Motivos de uns e outros

Os pássaros que na crônica passada eu mencionei como as criaturas que me avisavam sobre quem ganharia partidas na Copa do Mundo sumiram de Copacabana. Eu olho para o céu na mesma hora em que eles costumavam passar e não os vejo mais. Me deixaram à deriva num mar de possibilidades.

Dessa forma, como não tenho mais a profecia voadora, me pego aqui na frente do meu parceiro computador tentando encontrar motivos que me façam vislumbrar quem merece mais erguer a taça do mundo neste domingo: o veterano argentino Lionel Messi ou o jovem espanhol Lamine Yamal.

Pelo lado da Argentina, penso que um bom motivo pode ser encontrado na literatura do mago Jorge Luís Borges, sujeito que passou a vida a meditar sobre o tempo, afirmando que os caminhos deste se bifurcam a cada instante, fazendo com que surjam as mais diversas sequências.

Pois não seria o multiplicar desses caminhos dos quais nos fala Borges o que faz os craques da seleção “Albiceleste” marcarem seus gols apenas no final das partidas, quando todos já acham que o confronto vai ser decidido nas penalidades? É a lógica reversa que determina o lugar da queda do raio.

Ou então, ainda usando os ensinamentos de Borges, o fato de a Argentina marcar quando ninguém mais espera não estaria traduzindo a ideia de que a eternidade não se refere a um tempo sem fim, mas, isso sim, a própria ausência desse tempo, como se apenas existisse o momento do gol?

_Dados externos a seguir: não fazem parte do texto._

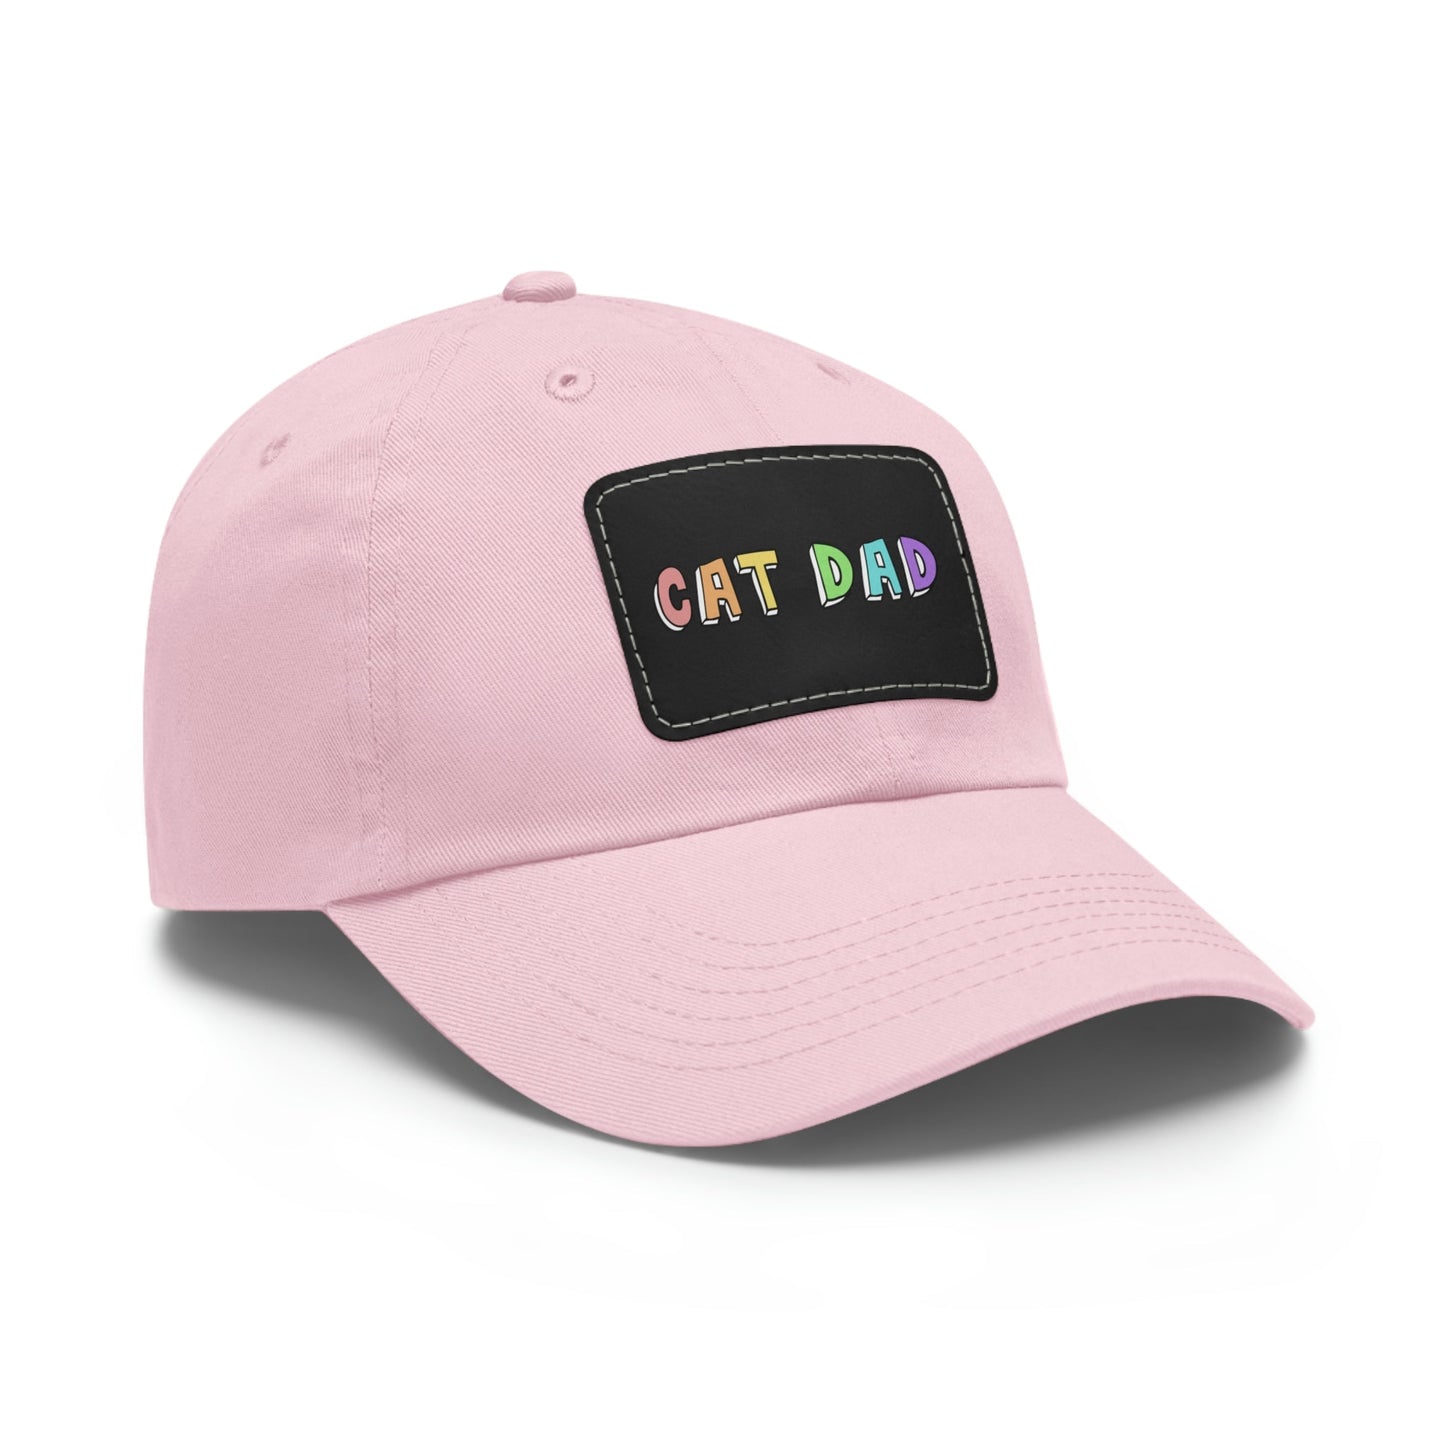 Cat Dad | Dad Hat - Detezi Designs-16196275320563653525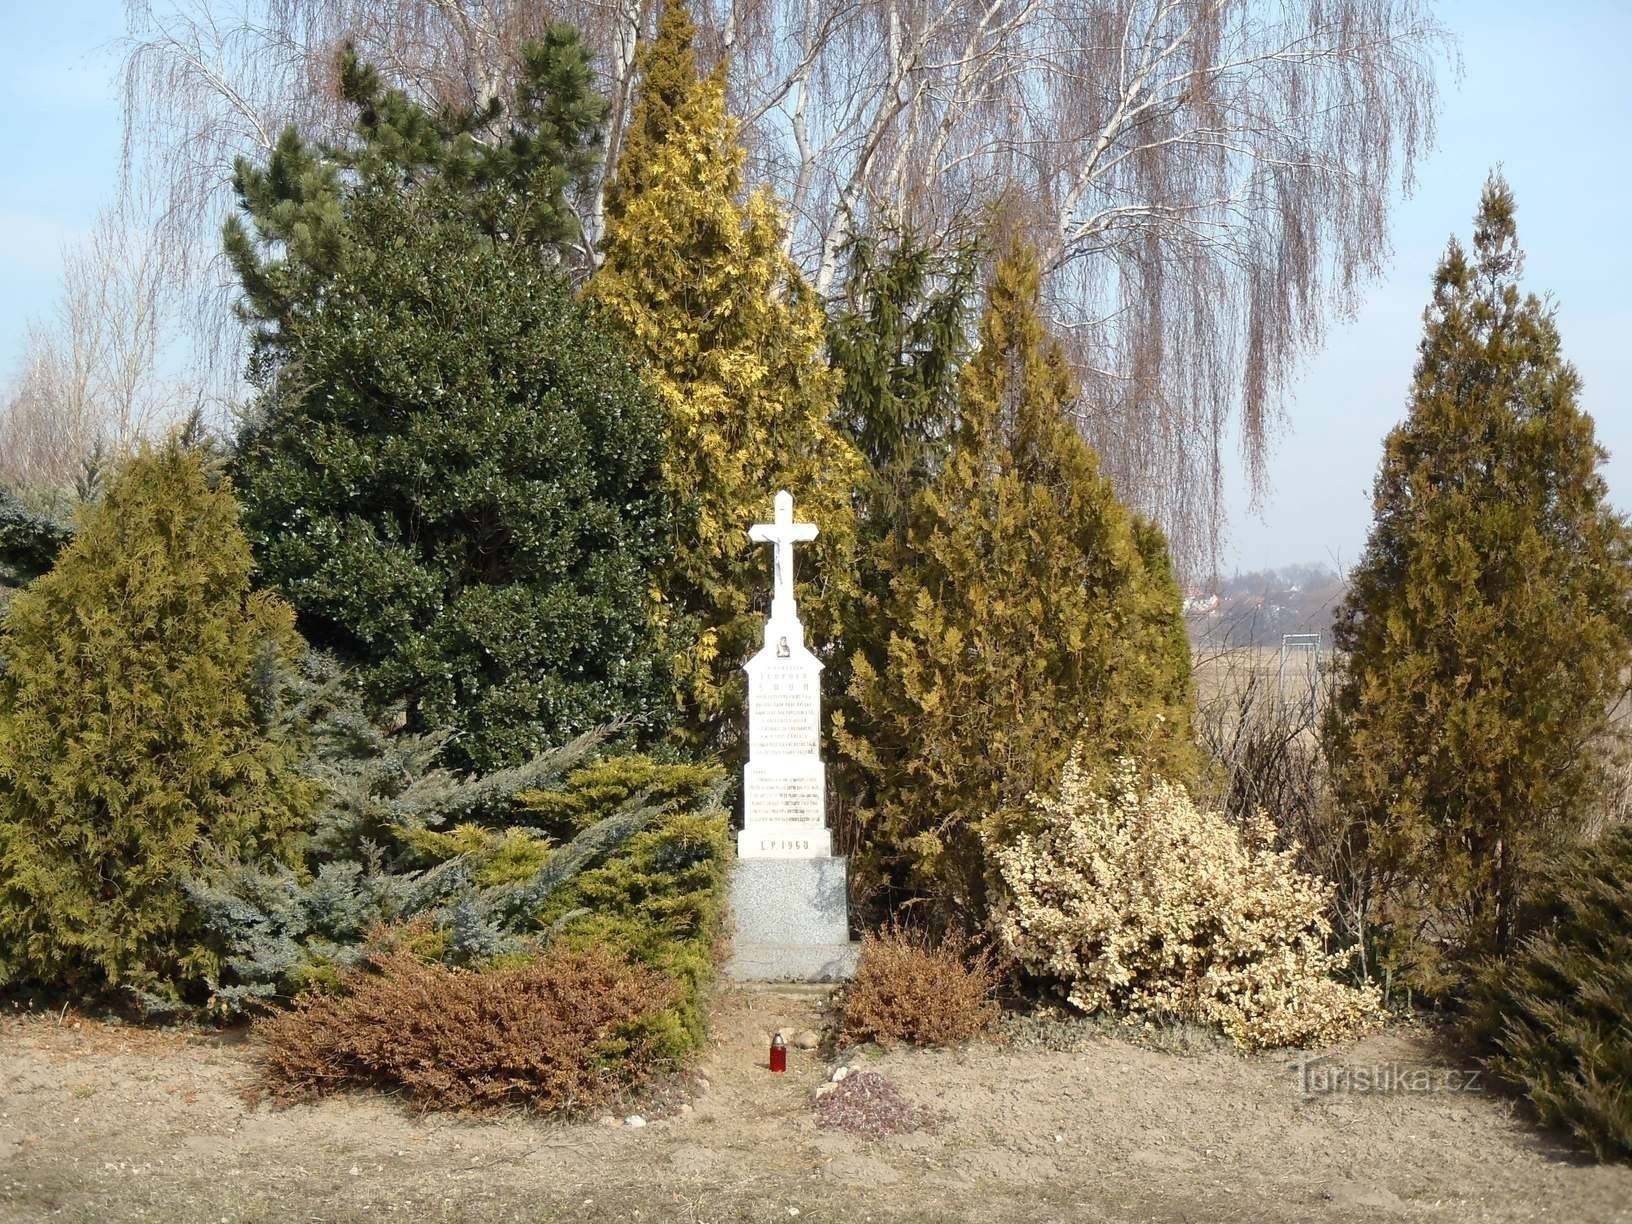 Đài tưởng niệm Leopold Šrom ở Chrlice - 10.3.2012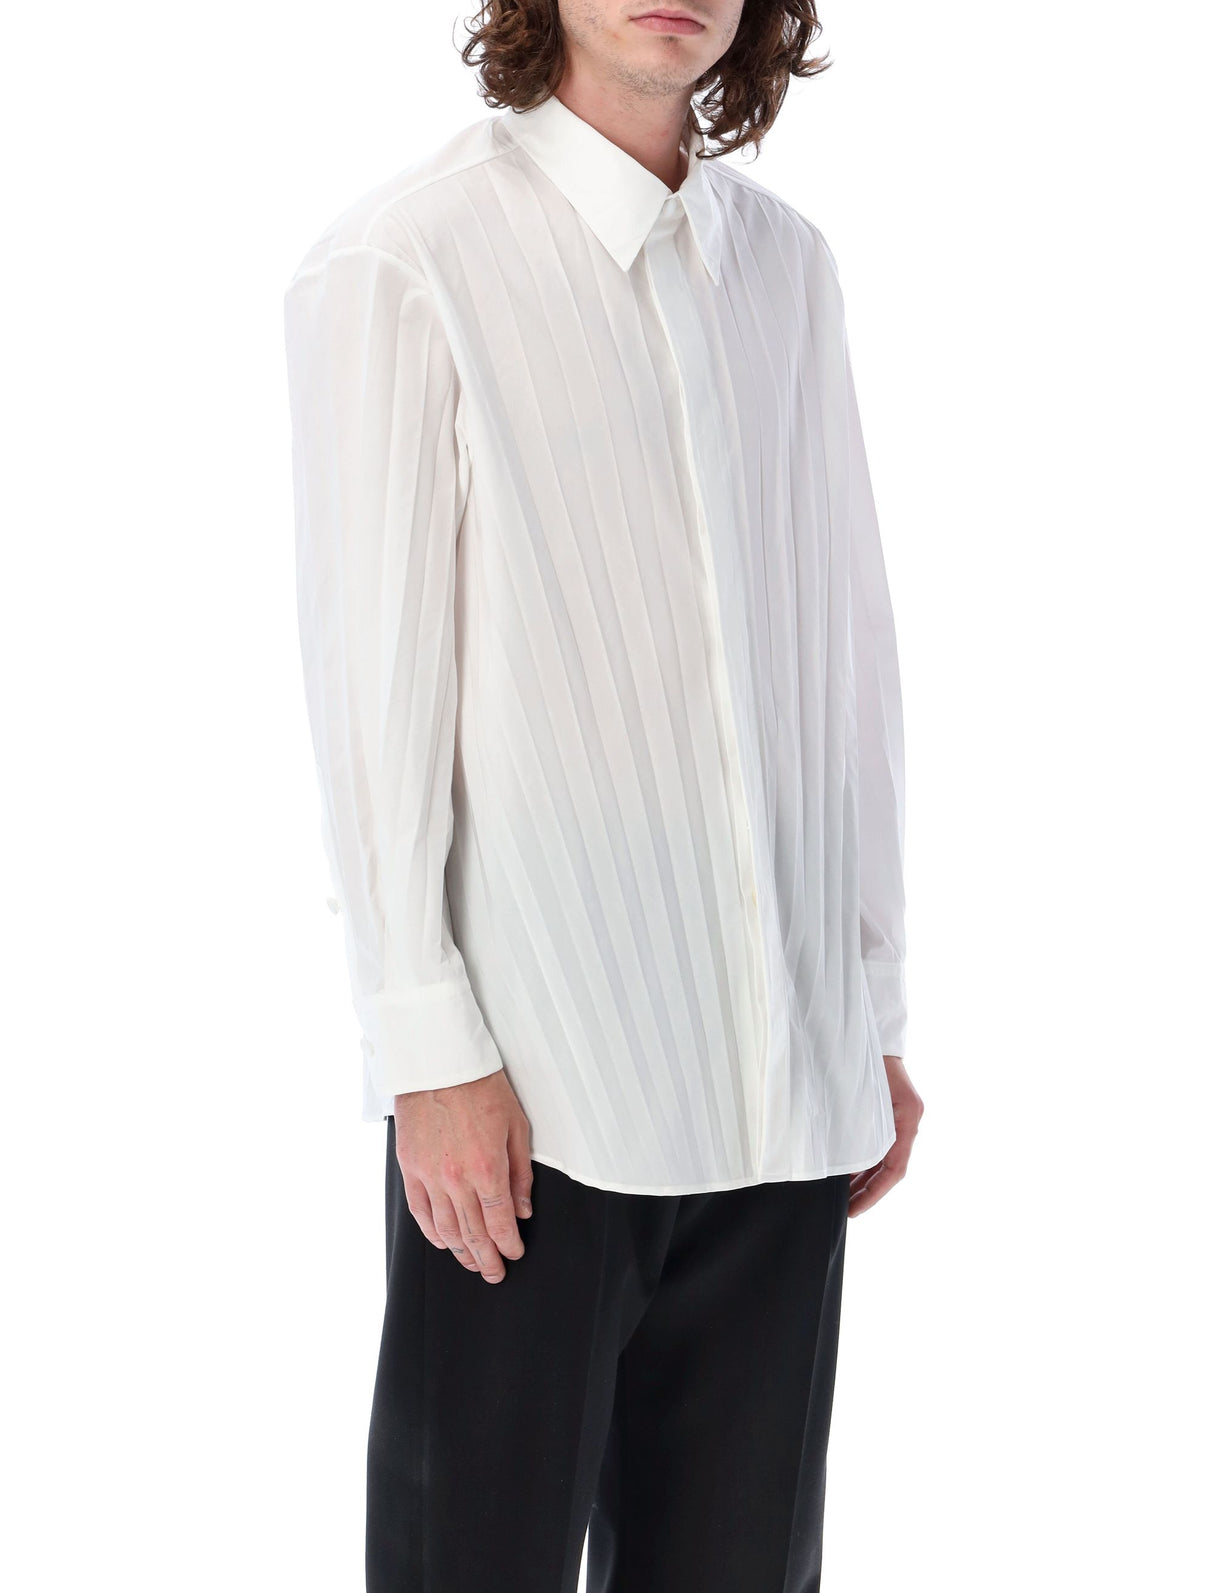 قميص قطني بشكل مقلّم للرجال باللون الأبيض لموسم ربيع وصيف 2023

No caso da Espanha, me ocorre procurar motivos nas palavras de Federico García Lorca, para quem o destino, o amor e a paixão, representados pelo povo cigano, andavam de braços dados, tanto podendo alçar voo para o espaço sideral quanto mergulhar rumo ao abismo e à morte.

Se a gente prestar bem atenção, na evolução no campo de jogo da seleção espanhola, que em um dia já foi “fúria” e em outro já foi relógio, vai ver que os seus rapazes jogam como quem flutua. É a força do vento que parece impulsionar os chutes deles: ora sopro de brisa, ora furacão arrasador.

Num instante fingem que vão e não vão, tocam lateralmente, como que se estivessem a brincar de rodinha de bobo. Em outro momento, fingem que ficam, olham com displicência para os telões e, de repente, movidos pelos acordes de guitarras andaluzas, partem para cima dos seus inimigos.

Resumindo a ópera (ou o tango): com Jorge Luís Borges ou García Lorca a gente pode sempre cruzar os portais da fantasia. Ambos, do alto dos camarotes do estádio, provavelmente não param de sorrir. E enquanto o título não chega, a identidade do campeão permanece só um enorme mistério!